C’est l’identification de la lésion rénale par ponction biopsie rénale qui permet de différencier avec certitude la physiopathologie de l’hypercalcémie donc l’origine de l’adénome (primitif ou réactionnel).

Conclusion

  • L’association dysplasie rénale et hyperparathyroïdie tertiaire est classique.
  • L’hyperparathyroïdie tertiaire tardive est une manifestation qui aggrave la lésion rénale et assombrit le pronostic.
  • Le diagnostic de cette lésion rénale congénitale aurait pu être réalisé plus précocement par le repérage de la dilution des urines, signe premier de l’insuffisance rénale.
  • C’est ainsi que l’analyse des urines systématiquement réalisée reste l’examen de routine de toute première utilité.

Références

  1. Atkins CE (1989) Polyuria and polydipsia. In: Textbooook of veterinary internal medecine, Third edition (Ettinger SJ, Edr),Saunders Co, Philadelphia, 139-147.
  2. Pagès JP (2001) Néphrocalcinose grave due à un lymphome. À paraître Prat Med et Chir Anim Comp.
  3. Finco DR et Rowland GN (1978).
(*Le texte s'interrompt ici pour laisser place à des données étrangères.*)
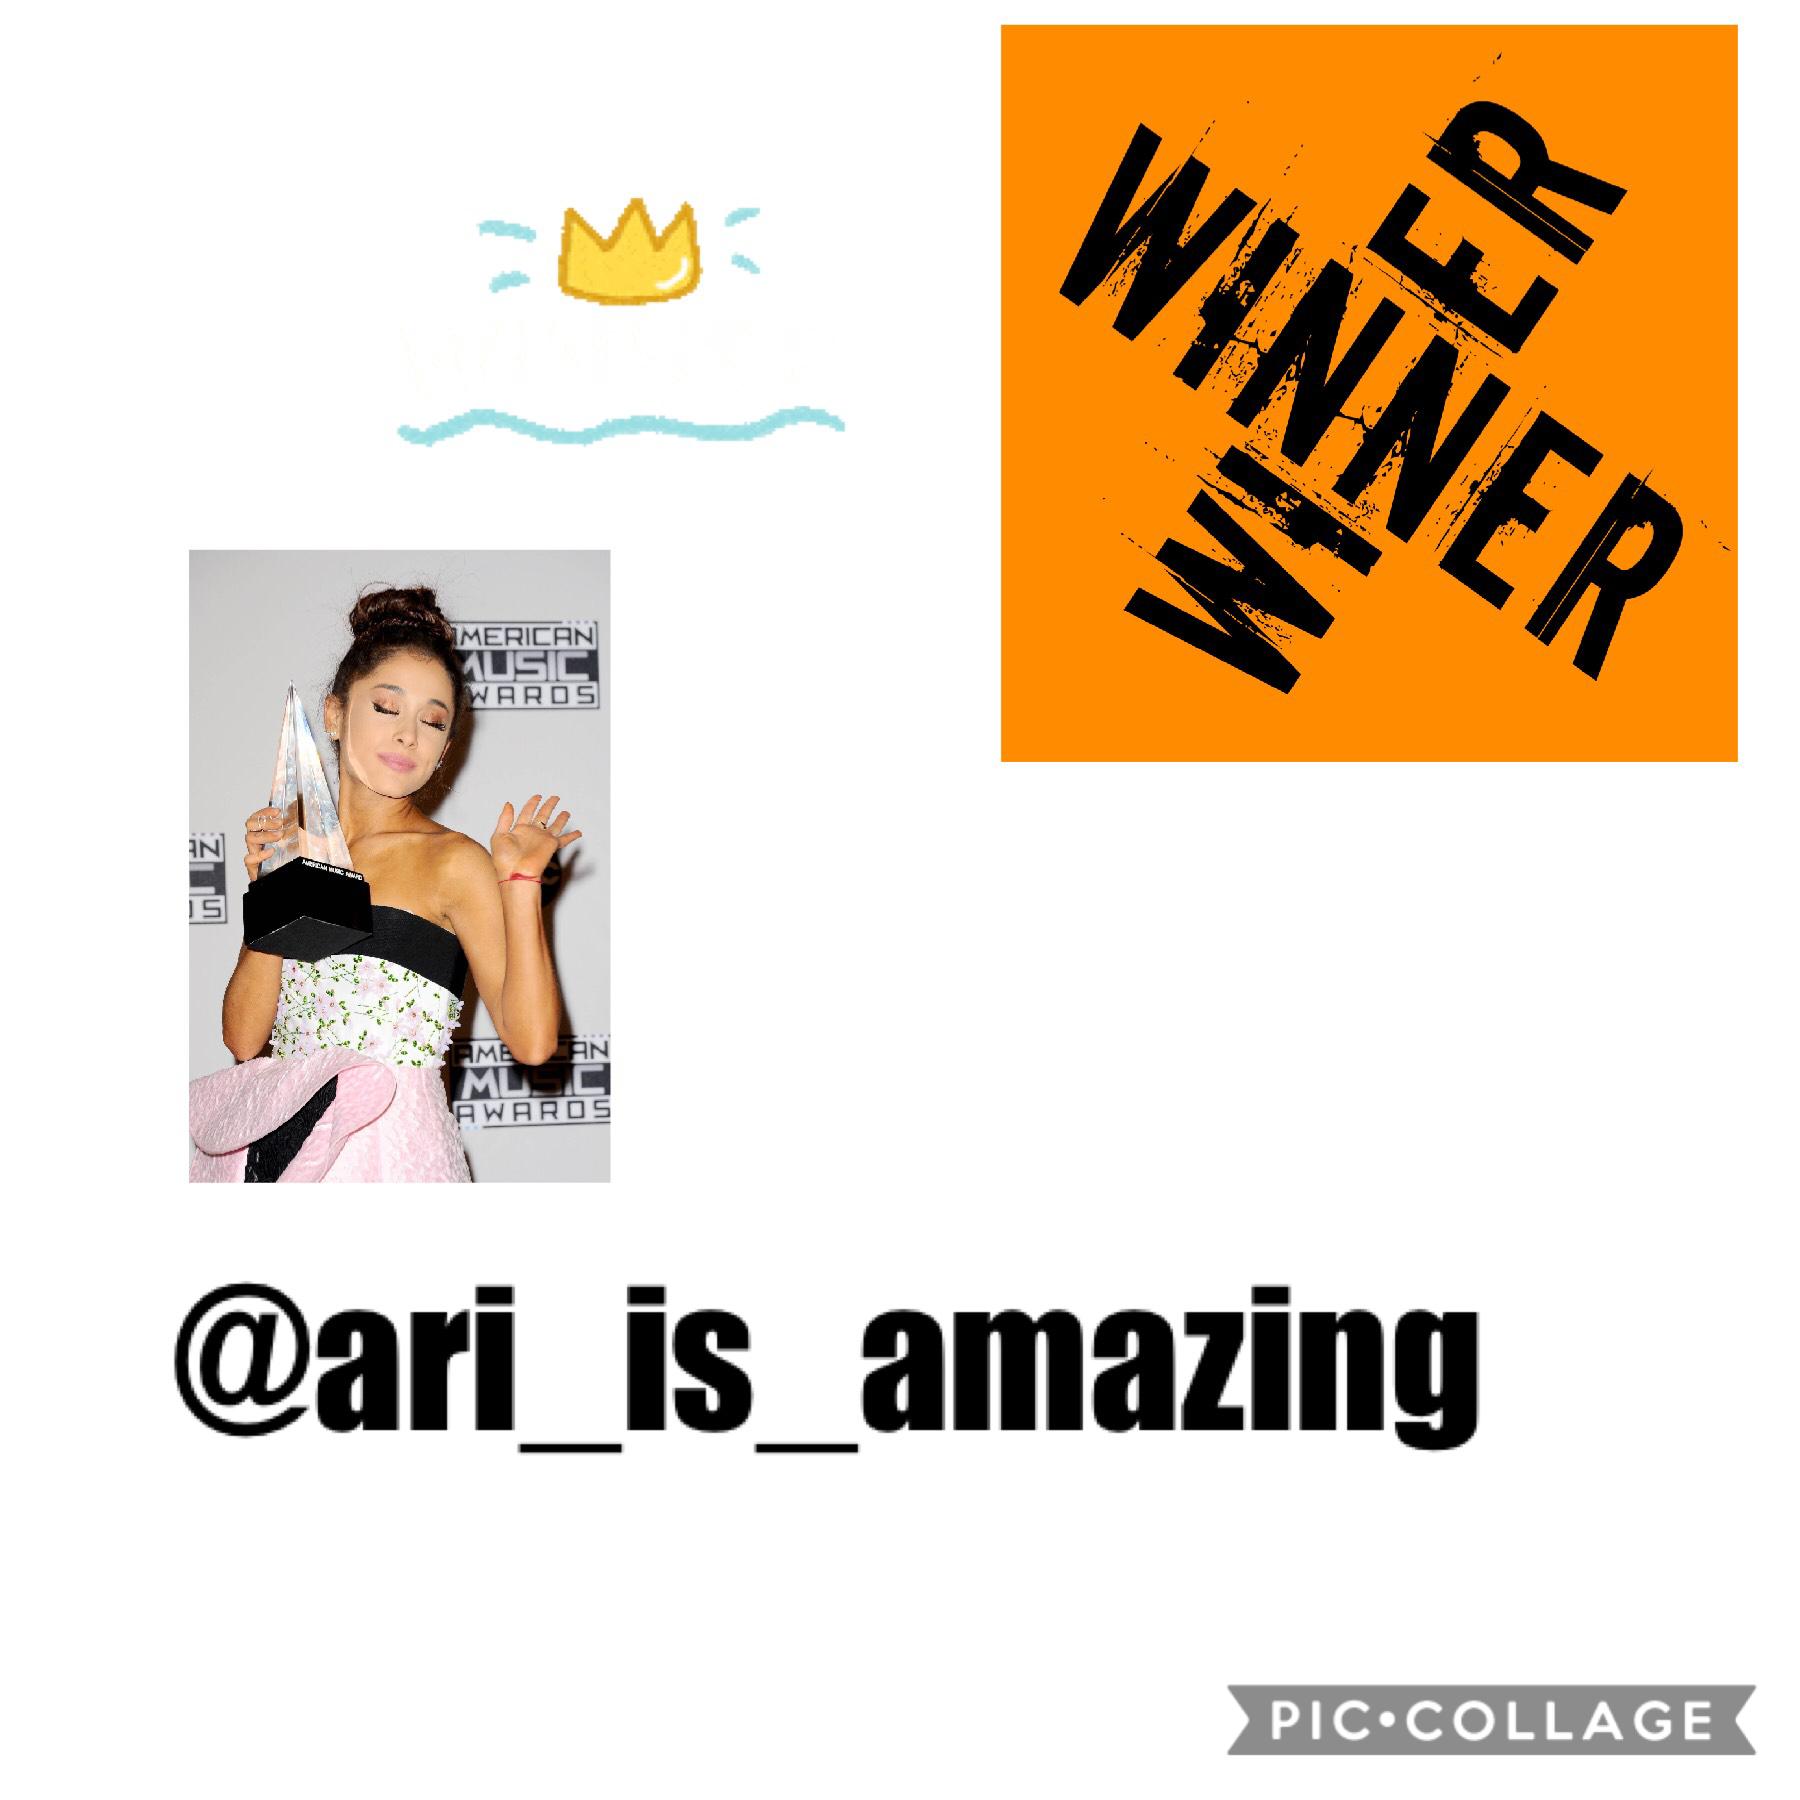 Congratulations to ari is amazing go follow her!
Thank you so much

Hypercalcemia secondary to renal failure in the dog: A report of four cases. J Am Vet Med Assoc; 173: 990-994
  4. Burck RL et Barton CL (1978) Renal failure and hyperparathyroïdism in an Alaskan Malamute pup. J Am Vet Med Assoc; 172: 69-72
  5. O’Brien TD et Col (1982) Clinicopathologic manifestations of progressive renal disease in Lhasa apso and Shih Tzu dogs. J Am Vet Med Assoc; 180: 658-664
  6. Estrada M et Col (1990) La dysplasie rénale chez le chien Prat Méd Chir Anim de Comp; 25: 413-417
  7. Chew D et DiBartola S (1989) Diagnosis and pathophysiology of renal disease. In: Textbooook of veterinary internal medecine, Third edition (Ettinger SJ, Edr),Saunders Co, Philadelphia, 1893- 1961.
  8. Kruger JM, Osborme CA (1995) Canine and feline hypercalcemic nephropathy. In: Canine and feline nephrology and urology, Osborne CA et Finco DR (Lea & Febiger, Edr) A Waverly Co, Philadelphia, 416-440.
  9. DiBartola SP et al (1980). Clinicopathological findings associated with chronic renal disease in cats: 74 cases (1973-1984). J Am Vet Med Assoc; 190: 1196-1202.
  10. Krause MW et Hedinger CE (1985) Pathologic study of parathyroid glands in tertiary hyperparathyroidism. Human Pathol. 16: 772-784.